• Directions
Lines from the one with "Made Dětský kostým Želva 92-104cm" up to and including the one with "Jack David Vintage" are to be copied exactly from the records below, without their pictures.

------ Provided data ------

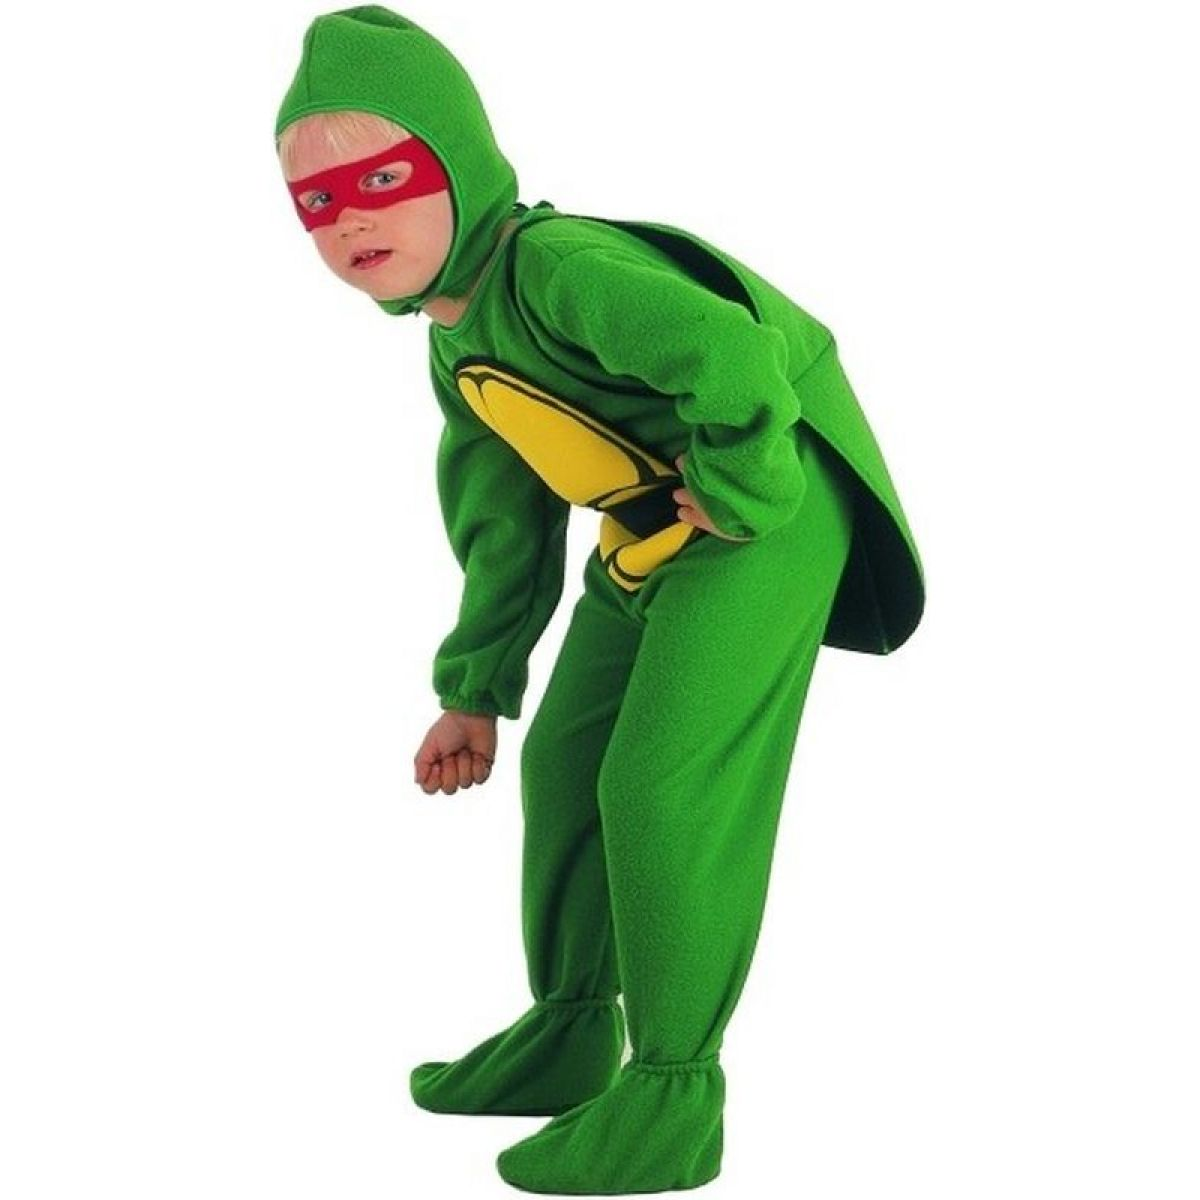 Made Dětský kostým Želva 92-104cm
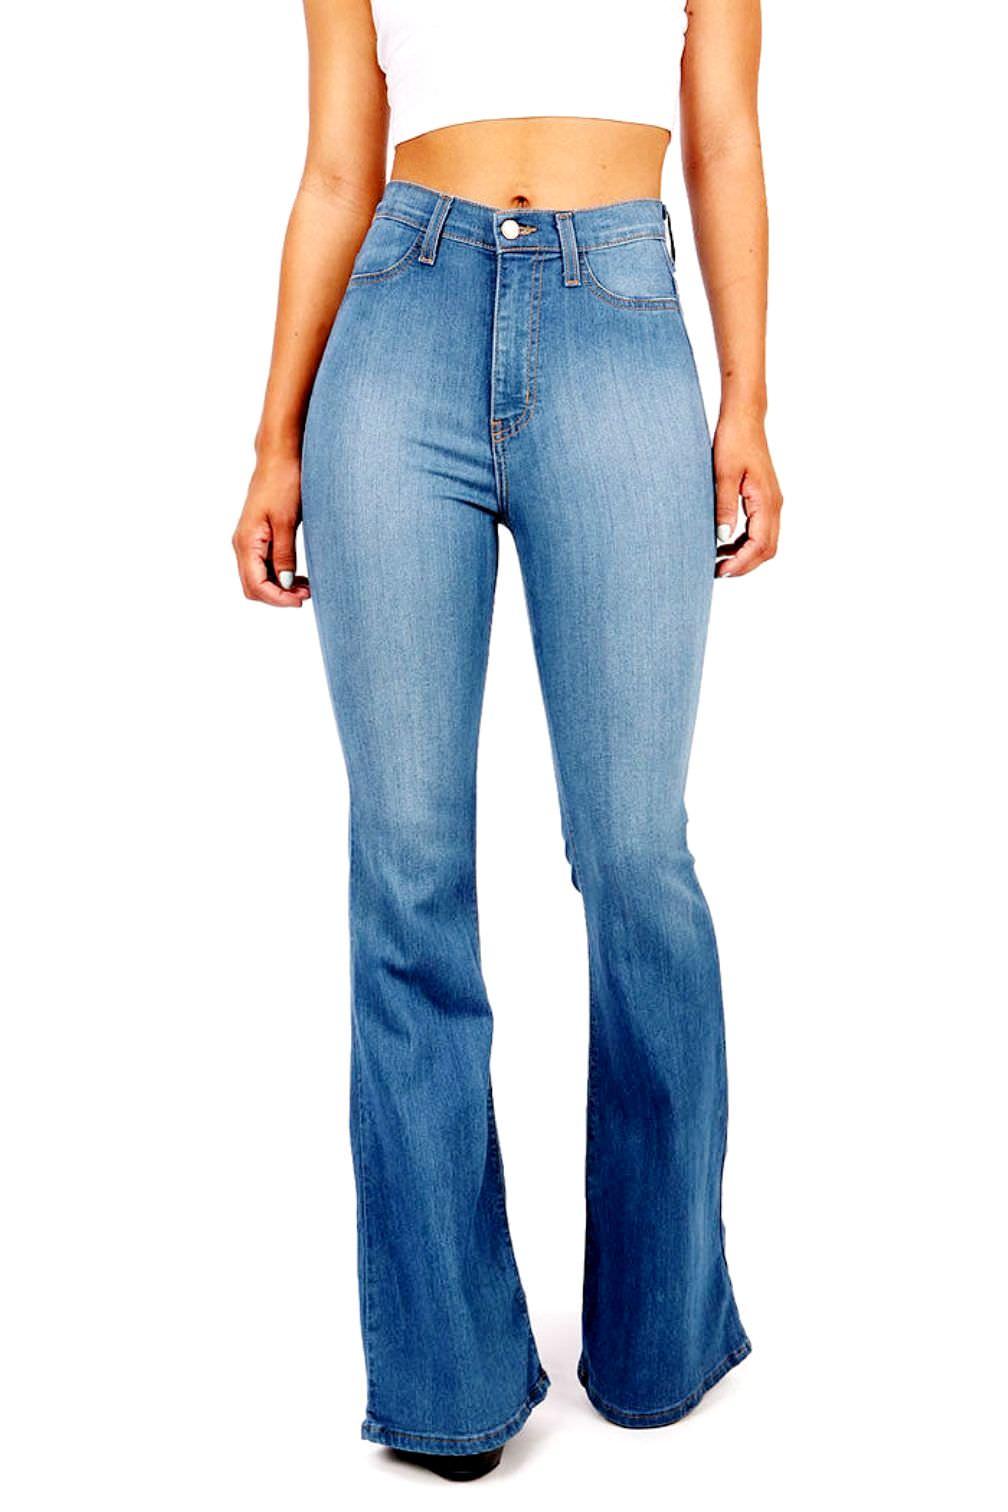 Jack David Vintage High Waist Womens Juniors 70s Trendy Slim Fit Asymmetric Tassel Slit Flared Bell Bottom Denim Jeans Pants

------
------ Provided data ------

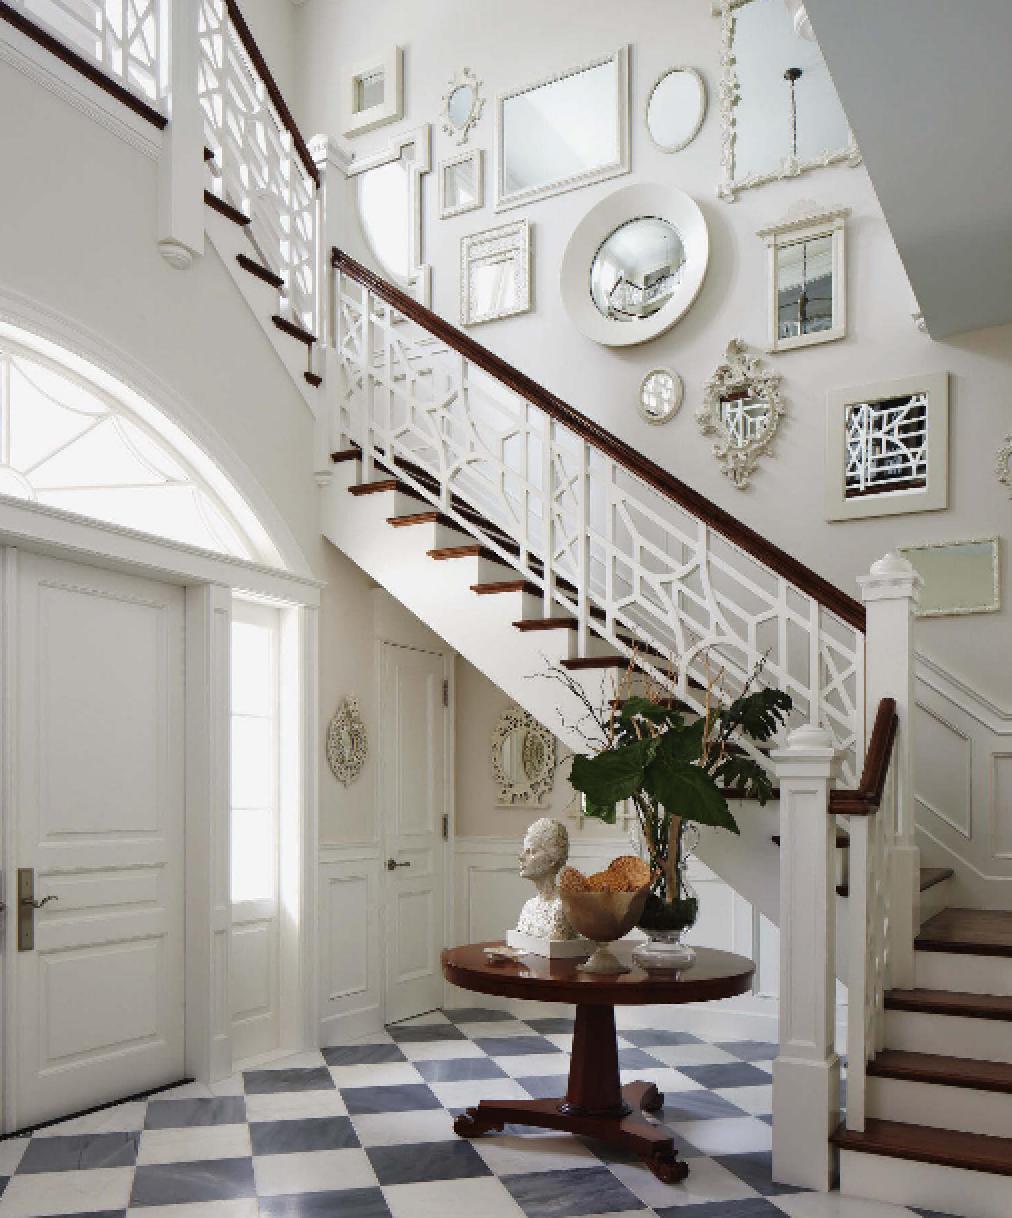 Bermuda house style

------

• Answer to this exercise
 Made Dětský kostým Želva 92-104cm
 Jack David Vintage High Waist Womens Juniors 70s Trendy Slim Fit Asymmetric Tassel Slit Flared Bell Bottom Denim Jeans Pants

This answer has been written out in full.